### Work to complete
Report each line of the records where "Stockfoto" occurs.
++++++++
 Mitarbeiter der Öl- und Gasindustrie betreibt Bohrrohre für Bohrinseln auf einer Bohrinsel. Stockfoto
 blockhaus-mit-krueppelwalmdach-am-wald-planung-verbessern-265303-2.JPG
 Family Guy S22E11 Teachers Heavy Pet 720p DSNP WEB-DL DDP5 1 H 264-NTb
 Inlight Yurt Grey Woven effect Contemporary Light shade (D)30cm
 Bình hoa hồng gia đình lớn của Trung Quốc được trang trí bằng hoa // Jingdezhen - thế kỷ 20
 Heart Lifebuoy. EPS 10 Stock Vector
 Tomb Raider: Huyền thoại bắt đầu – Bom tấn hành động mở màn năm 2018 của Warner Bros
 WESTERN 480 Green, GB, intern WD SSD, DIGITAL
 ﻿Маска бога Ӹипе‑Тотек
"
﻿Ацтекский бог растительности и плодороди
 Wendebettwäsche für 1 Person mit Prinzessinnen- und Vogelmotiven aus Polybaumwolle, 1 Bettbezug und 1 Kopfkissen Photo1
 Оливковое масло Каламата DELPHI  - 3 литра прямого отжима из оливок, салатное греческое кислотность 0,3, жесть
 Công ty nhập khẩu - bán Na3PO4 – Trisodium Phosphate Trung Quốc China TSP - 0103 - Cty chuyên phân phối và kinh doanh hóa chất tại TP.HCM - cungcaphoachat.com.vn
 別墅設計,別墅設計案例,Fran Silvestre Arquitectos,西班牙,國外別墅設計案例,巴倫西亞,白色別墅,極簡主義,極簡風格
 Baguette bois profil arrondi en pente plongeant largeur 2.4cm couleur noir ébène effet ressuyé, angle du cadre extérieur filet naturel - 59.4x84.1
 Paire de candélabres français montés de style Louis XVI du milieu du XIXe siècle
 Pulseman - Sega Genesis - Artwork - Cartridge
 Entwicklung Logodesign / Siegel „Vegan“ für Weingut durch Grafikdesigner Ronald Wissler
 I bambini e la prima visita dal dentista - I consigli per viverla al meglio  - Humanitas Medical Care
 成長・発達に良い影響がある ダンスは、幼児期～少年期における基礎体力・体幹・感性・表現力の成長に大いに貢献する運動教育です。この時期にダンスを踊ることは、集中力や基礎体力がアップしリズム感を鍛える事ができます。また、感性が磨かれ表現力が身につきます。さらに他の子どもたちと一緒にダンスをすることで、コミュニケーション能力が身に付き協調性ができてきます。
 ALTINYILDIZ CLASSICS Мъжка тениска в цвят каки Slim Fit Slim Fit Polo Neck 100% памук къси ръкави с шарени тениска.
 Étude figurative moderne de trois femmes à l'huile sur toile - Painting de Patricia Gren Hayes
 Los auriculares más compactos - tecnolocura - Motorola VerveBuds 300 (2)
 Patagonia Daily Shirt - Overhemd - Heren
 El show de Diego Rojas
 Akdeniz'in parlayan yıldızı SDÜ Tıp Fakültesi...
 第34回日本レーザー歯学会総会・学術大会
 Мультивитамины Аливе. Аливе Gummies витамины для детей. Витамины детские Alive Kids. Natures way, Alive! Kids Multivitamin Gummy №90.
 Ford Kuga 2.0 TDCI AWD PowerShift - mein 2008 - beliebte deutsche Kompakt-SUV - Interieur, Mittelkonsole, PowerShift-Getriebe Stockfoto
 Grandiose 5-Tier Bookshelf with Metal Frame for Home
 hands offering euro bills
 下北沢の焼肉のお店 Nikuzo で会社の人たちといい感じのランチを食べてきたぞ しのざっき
++++++++
### Response area
 Mitarbeiter der Öl- und Gasindustrie betreibt Bohrrohre für Bohrinseln auf einer Bohrinsel. Stockfoto
 Ford Kuga 2.0 TDCI AWD PowerShift - mein 2008 - beliebte deutsche Kompakt-SUV - Interieur, Mittelkonsole, PowerShift-Getriebe Stockfoto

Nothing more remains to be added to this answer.